Early use of high-efficacy DMTs may keep patients on therapy longer

Escalation approach often taken with MS disease-modifying therapies

The use of DMTs can slow disability progression in people with multiple sclerosis (MS). Some DMTs are highly effective at slowing progression but are associated with a high risk of side effects and can be more expensive. Others have lower efficacy, meaning they are less effective at slowing disease, but they also have fewer side effects.

The standard approach is to start with a lower efficacy DMTs and escalate to more effective therapies following a breakthrough in disease activity. However, studies suggest that early treatment with high-efficacy DMTs may be a better approach to slow disability.

A recent population-based study consistently showed that RRMS patients in Sweden who started on high-efficacy DMTs had better outcomes than those in Denmark, who typically began with low-efficacy DMTs.

To confirm these findings, researchers in the Czech Republic conducted a similar analysis comparing Swedish and Czech RRMS patients given first-line DMTs between 2013 and 2016. Most patients in the Czech Republic receive low-efficacy DMTs as initial therapy, an approach supported by cost reimbursement criteria.

Data collected from national MS registries showed that 3,327 of the 3,487 patients in the Czech registry (95.4%) and 1,771 out of 2,923 patients in the Swedish registry (60.6%) began treatment with a low-efficacy DMT. The remaining patients received moderate- to high-efficacy DMTs as an initial therapy.

Lower efficacy DMTs included Tecfidera (dimethyl fumarate), glatiramer acetate (sold as Copaxone, among others), Aubagio (teriflunomide), or interferon-based medications. Moderate- and high-efficacy DMTs included Ocrevus (ocrelizumab), Tysabri (natalizumab), Lemtrada (alemtuzumab), Gilenya (fingolimod), Ponvory (ponesimod), and rituximab, which is used off-label in MS.

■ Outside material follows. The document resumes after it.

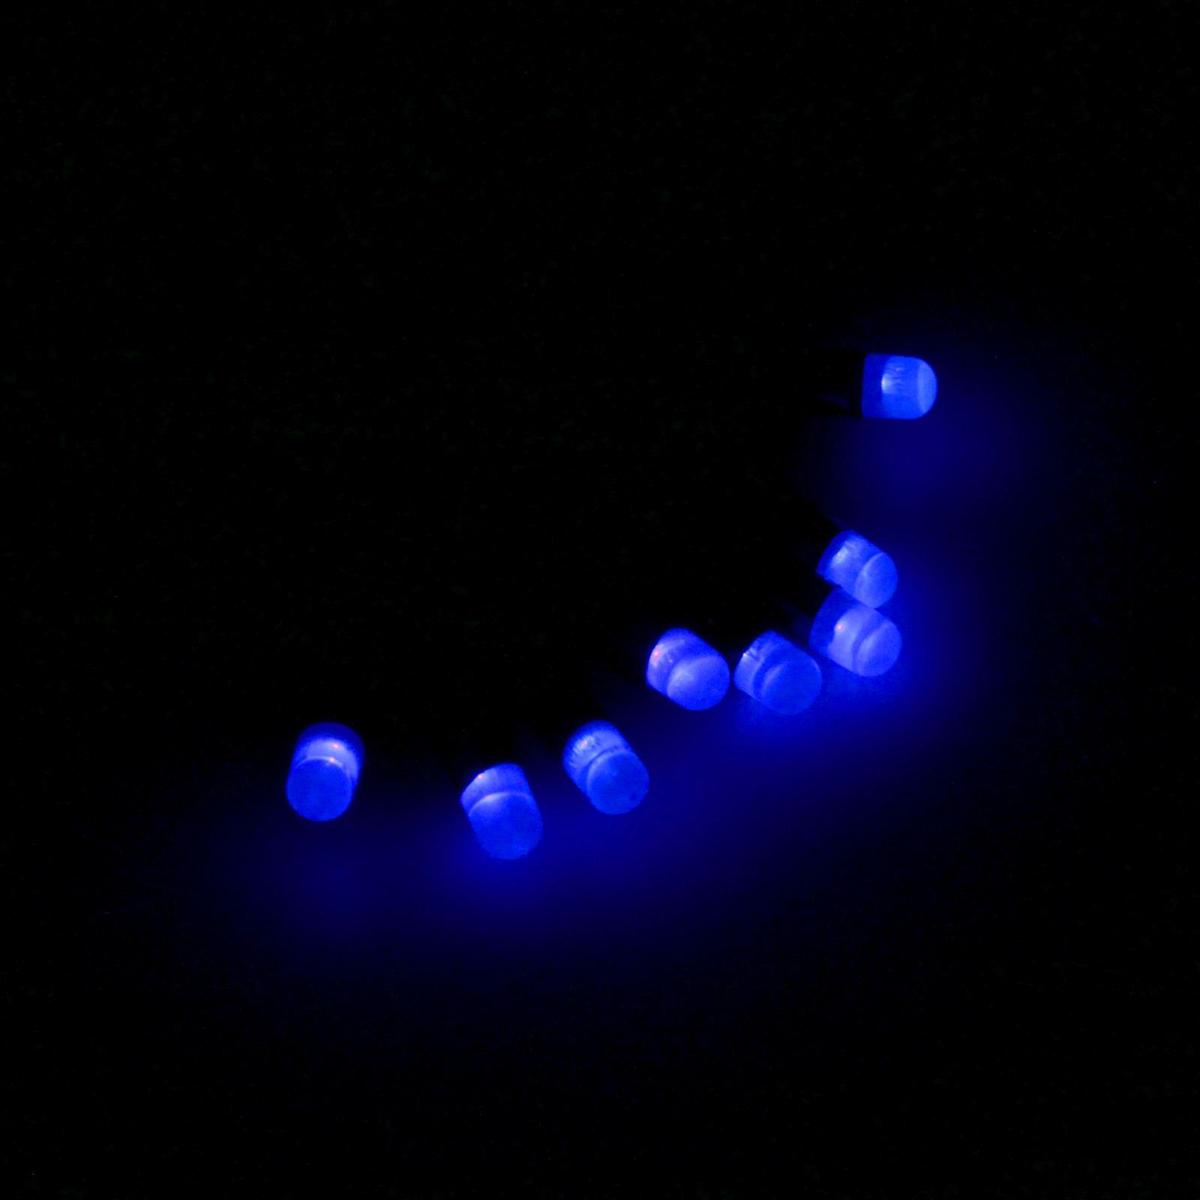 Гирлянда светодиодная Luazon Метраж. Лампочки, уличная с насадкой, 8 режимов, 40 ламп, 220 V, 5 м, цвет: синий. 185526185526Светодиодные гирлянды, ленты и т.д. — это отличный вариант для новогоднего оформления интерьера или фасада. С их помощью помещение любого размера можно превратить в праздничный зал, а внешние элементы зданий, украшенные ими, мгновенно станут напоминать очертания сказочного дворца. Такие украшения создают ауру предвкушения чуда. Деревья, фасады, витрины, окна и арки будто специально созданы, чтобы вы украсили их светящимися нитями.

Researchers’ analysis covered 2,991 Czech registry patients — 2,877 or 96.19% starting on lower efficacy therapies — and 1,529 people in the Swedish registry, with 642 (41.99%) starting on a moderate- or high-efficacy DMT. Particular focus was given to the Czech group with an initial lower efficacy DMT and the Swedish group with an initial higher efficacy treatment.

After a mean follow-up of 6.6 years in the Czech group and 5.9 years in the Swedish group, no significant differences were seen in the time to confirmed disability worsening, defined by an increase in Expanded Disability Status Scale (EDSS) scores.

Therapy effectiveness cited more with switches than side effects

However, the risk of progressing to an EDSS score of 4 or higher — representing considerable disability — was significantly lower, by 26%, in Swedish compared with Czech patients.

The risk of relapse also was significantly reduced, by 66%, in Swedish patients, who experienced a mean of 0.056 relapses per year compared with 0.266 annual relapses in the Czech group. Furthermore, the likelihood of confirmed disability improvement, meaning an easing in disability, was three times higher in Swedish patients.

“It is reasonable to ask why such a significant reduction in the risk of relapse did not translate into a change in the long-term outcome of [confirmed disability worsening],” the researchers wrote. “Our hypothesis is that the evaluation methods of EDSS might differ between the countries.”

Patients in Sweden moved from low-to-moderate to high-efficacy treatment much sooner than those in the Czech Republic. After eight years of follow-up, 68% of Swedish patients had not switched their high-efficacy DMT, compared with 40% of Czech patients on low-efficacy DMTs.

Over half (54%) of Czech patients in the registry were switched due to a lack of efficacy, followed by side effects (28.8%). In the Swedish registry, a lack of effectiveness accounted for 37.8% of DMT switches. When only Swedish patients undergoing high-efficacy DMT were examined, 15% switched due to side effects.

“The possibility that an early switch of [moderate-to-high-efficacy] DMTs may increase the incidence of side effects was not confirmed,” the researchers noted.

Overall, this analysis “confirmed a better prognosis for patients in Sweden, where a significant proportion of patients received [moderate-to-high-efficacy] DMTs as initial therapy,” the researchers concluded.